Он нажал кнопку, и из коробочки словно вырвались на свободу два голоса. Они спорили и перебивали друг друга. Студент невольно вспомнил, как Тургенев в шутку сказал об англичанах, что они говорят так, будто бы у них во рту горячая картошка.
«Удивительно похоже», подумал Синицкий, наблюдая за выражением лица Рустамова, внимательно прислушивающегося к словам, вылетающим из коробочки. «Вот опять повторяется какая-то «Сигма», уловил студент знакомое слово.
— Откуда эта запись? — спросил наконец парторг, когда шум удаляющейся машины, словно звуковая концовка в радиопередаче, совсем затих,
Синицкий рассказал.
— Спасибо, Николай Тимофеевич, — пожал ему руку Рустамов. — Очень полезное предупреждение. Оставь здесь пленку и… сам понимаешь: об этом не следует рассказывать.
Когда Синицкий ушел, Рустамов еще раз прослушал запись на стоящем в кабинете большом диктофоне, затем положил пленку в сейф и подошел к окну.
Вдали горели огоньки морских буровых.
По знакомой нам лестнице спускались вниз все наши друзья: Васильев, Мариам, Гасанов, Саида, Нури, Керимов — люди, которых мы хорошо знаем.
— Итак, Мариам, — обратился к ней Васильев, — завтра мы проверим новый электробур уже в подводном доме. Вы настаиваете на максимальной скорости? Основание у ротора выдержит? Мало ли какой попадется грунт…
— Почему вы сомневаетесь? — с обидой в голосе спросила Мариам.
— Вот и обиделась, — улыбнулся Васильев. — Опытный конструктор, а ведет себя, как дитя. Я уже проверил расчеты, но, кроме них, нужна была еще и ваша уверенность. Теперь я спокоен за эту часть дела.
— А за остальное? — с тайным волнением спросила Мариам.
— Это первое испытание, — уклончиво ответил инженер. — Все может быть.
Мариам чуть слышно, словно про себя, повторила:
— Все… может быть…
Спустились по лестнице. Молча пошли дальше по асфальтовой дорожке. Мариам прислушалась. Ей показалось, что издалека, как будто с моря, прилетела ее любимая песня, песня, о которой не расскажешь словами.

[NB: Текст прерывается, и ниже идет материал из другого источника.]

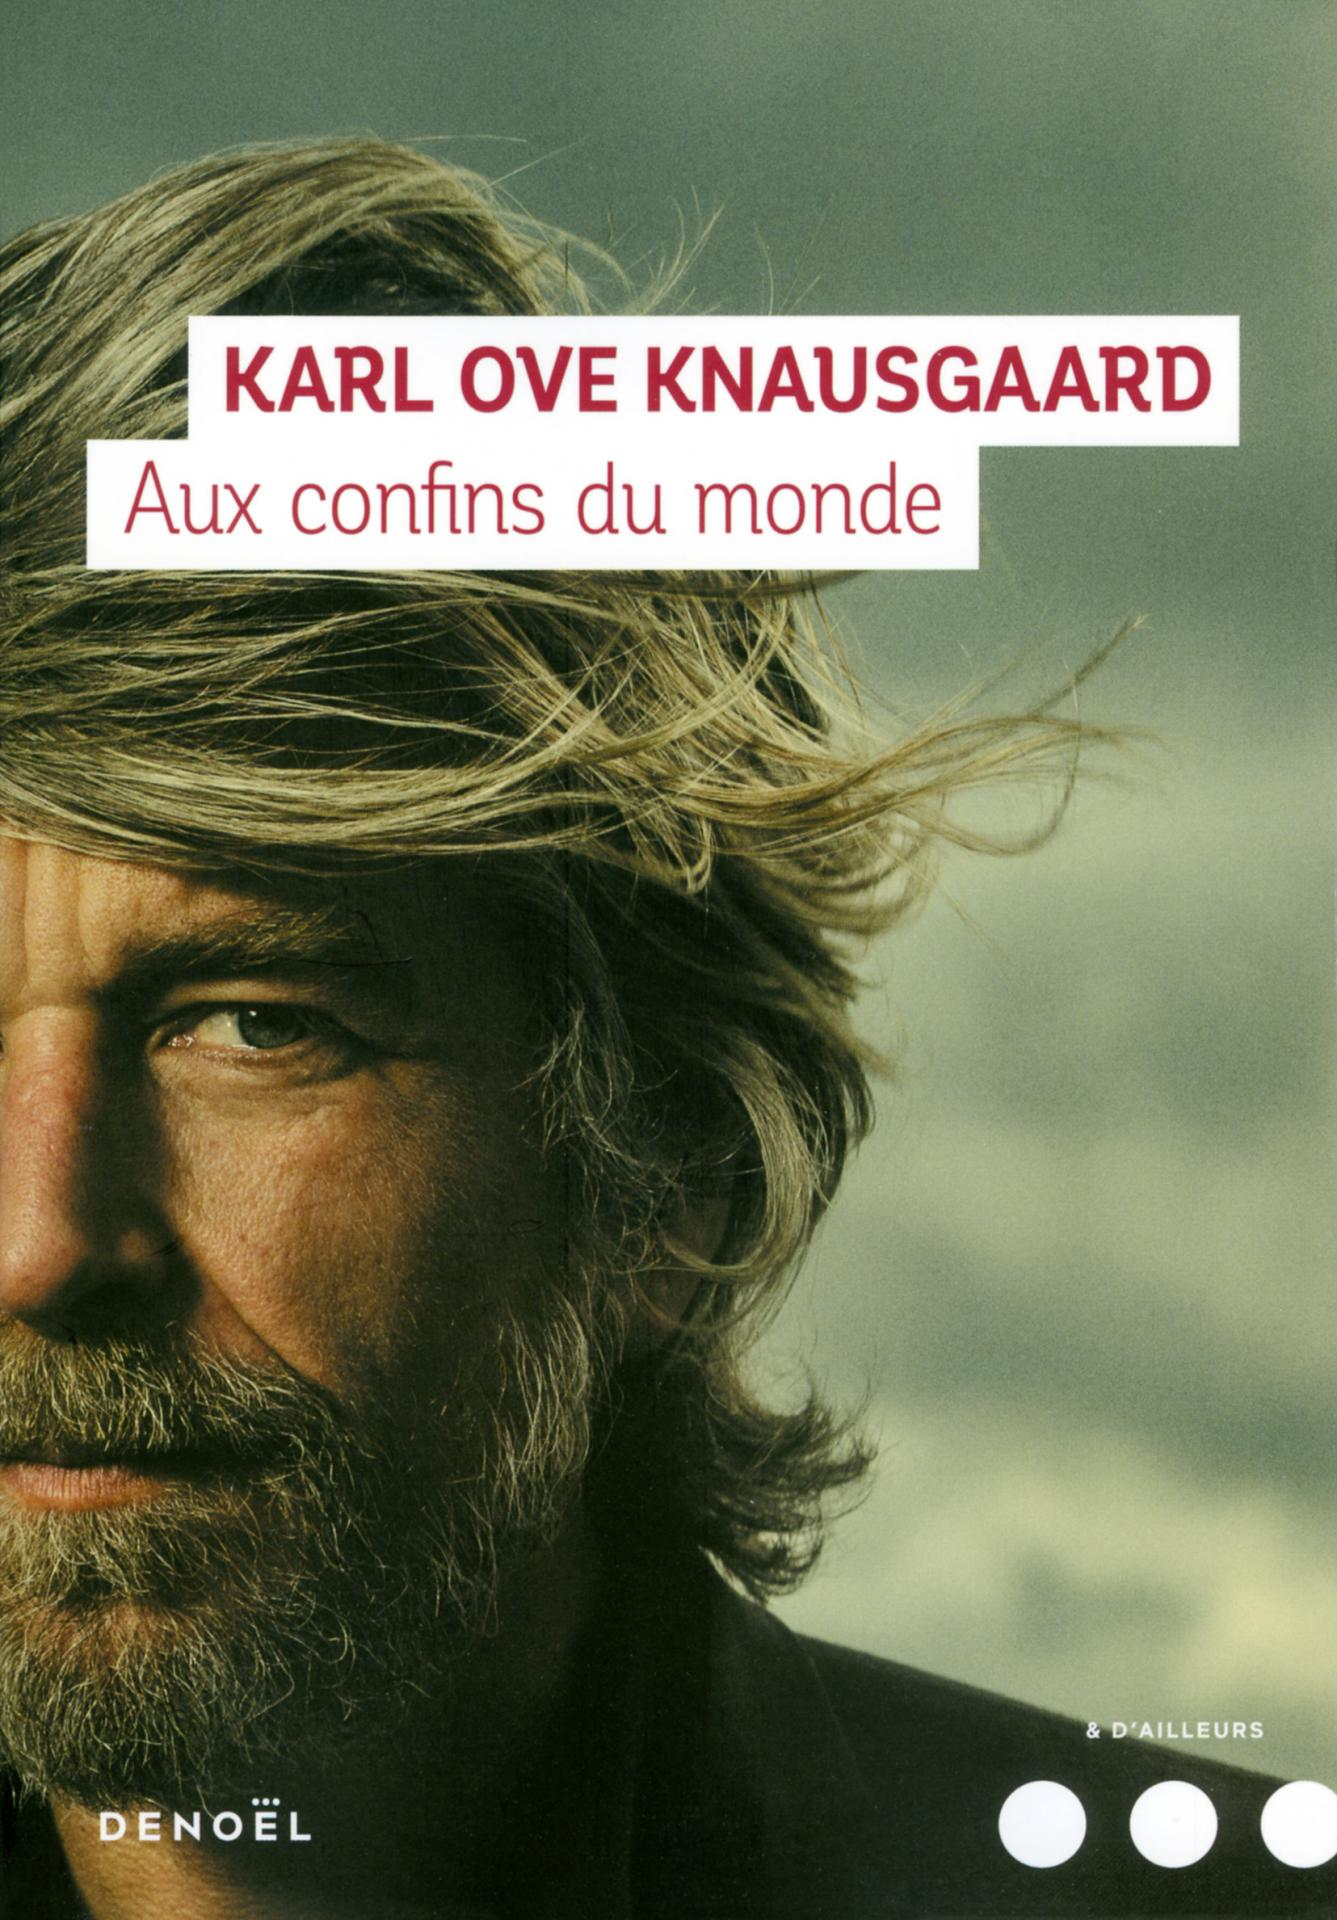 Aux confins du monde - Karl Ove Knausgaard

— Мне вспомнилась ваша бакинская пословица, — задумчиво проговорил Васильев, также прислушиваясь к песне: — «Тот, кто ел голову рыбы кутум и пил шоларскую воду, обязательно вернется обратно». Я был здесь во время войны…
— А в Ленинград вас обратно не тянет?
— Я его очень люблю. Там я начал работать конструктором. Но с ним у меня связаны тяжелые воспоминания. Во время войны я потерял там семью…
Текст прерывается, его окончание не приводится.